**Task details:** Starting at the line holding "Els minerals" and finishing at the line holding "Suspected criminal in", transcribe the material exactly, keeping both ends but no pictures.
*** Opening of Information shown ***
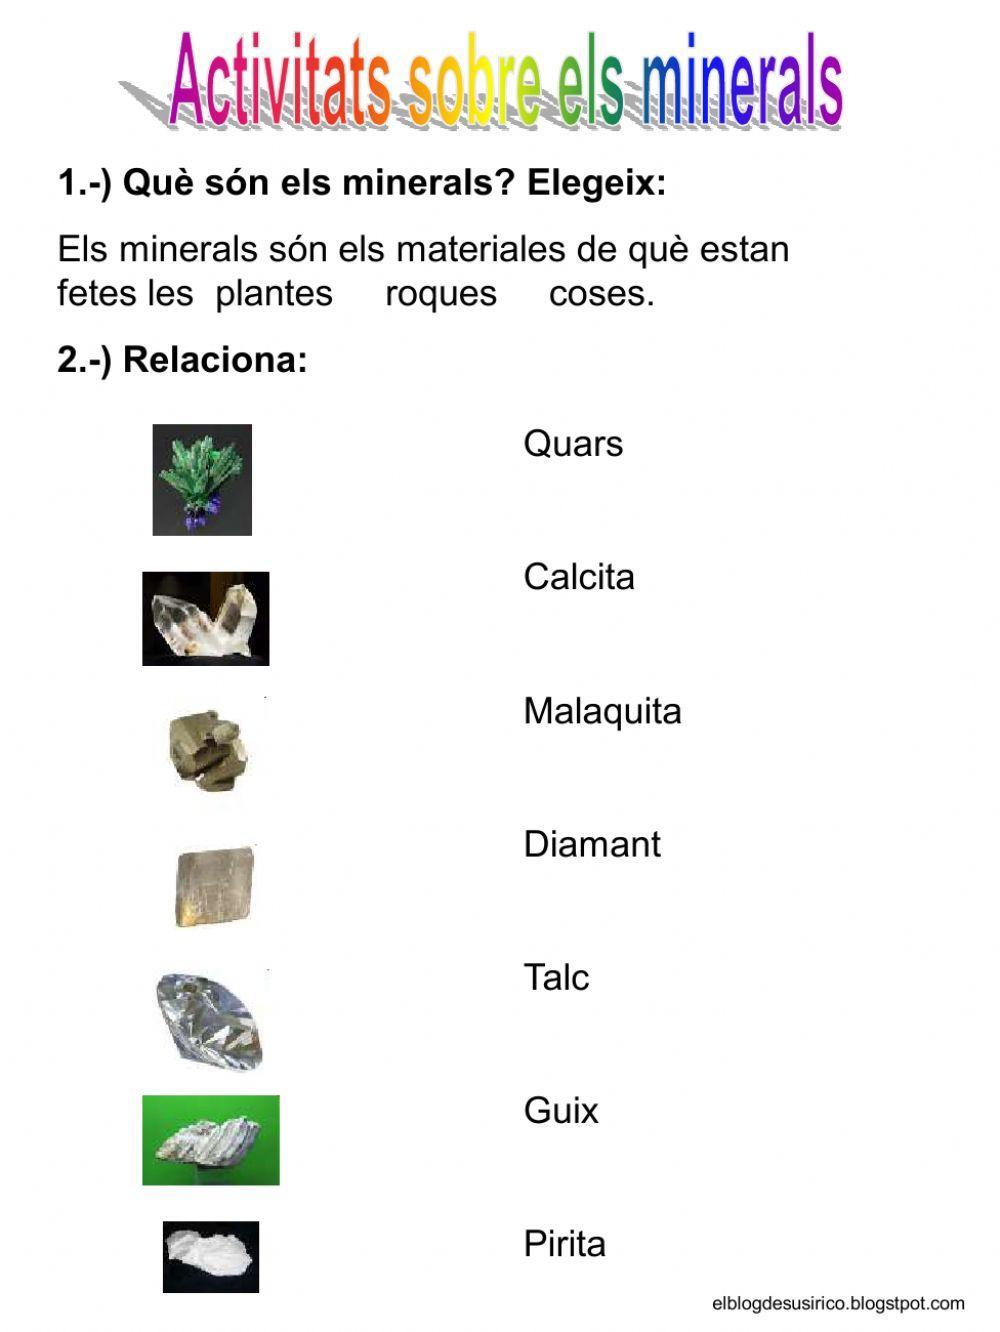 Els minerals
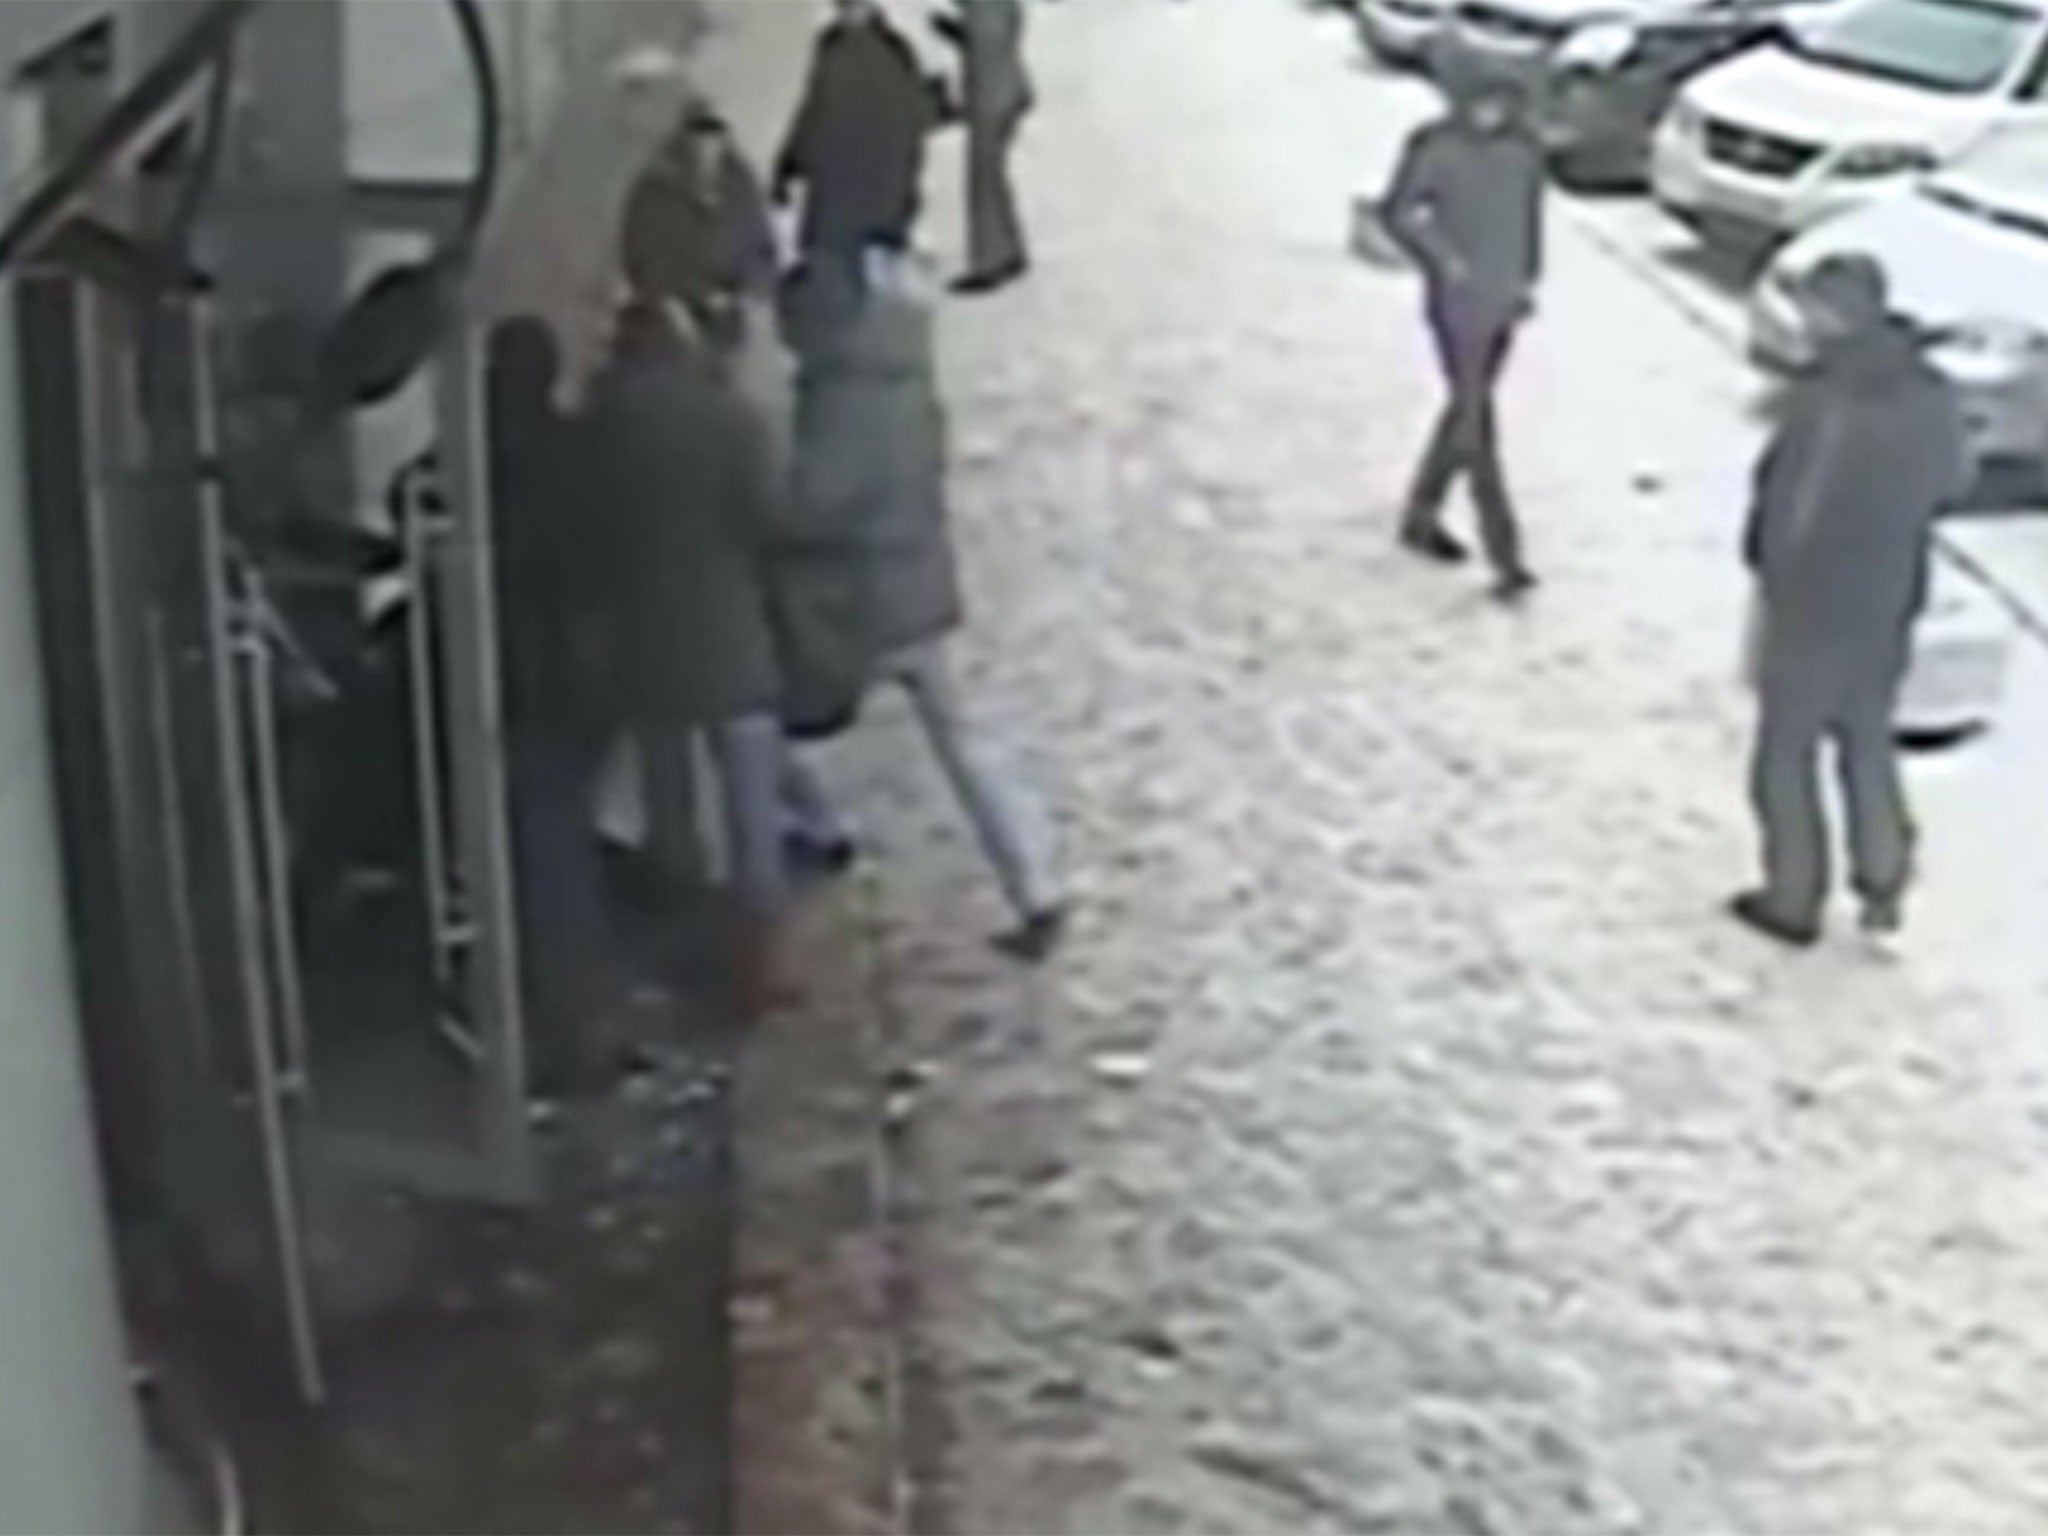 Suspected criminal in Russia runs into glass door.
*** Close of Information shown ***
*** Opening of Information shown ***
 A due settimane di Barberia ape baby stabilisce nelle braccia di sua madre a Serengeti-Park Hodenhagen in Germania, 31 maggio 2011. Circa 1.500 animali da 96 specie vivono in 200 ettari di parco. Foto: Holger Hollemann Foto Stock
*** Close of Information shown ***
**The answer:**
 Els minerals
 Suspected criminal in Russia runs into glass door.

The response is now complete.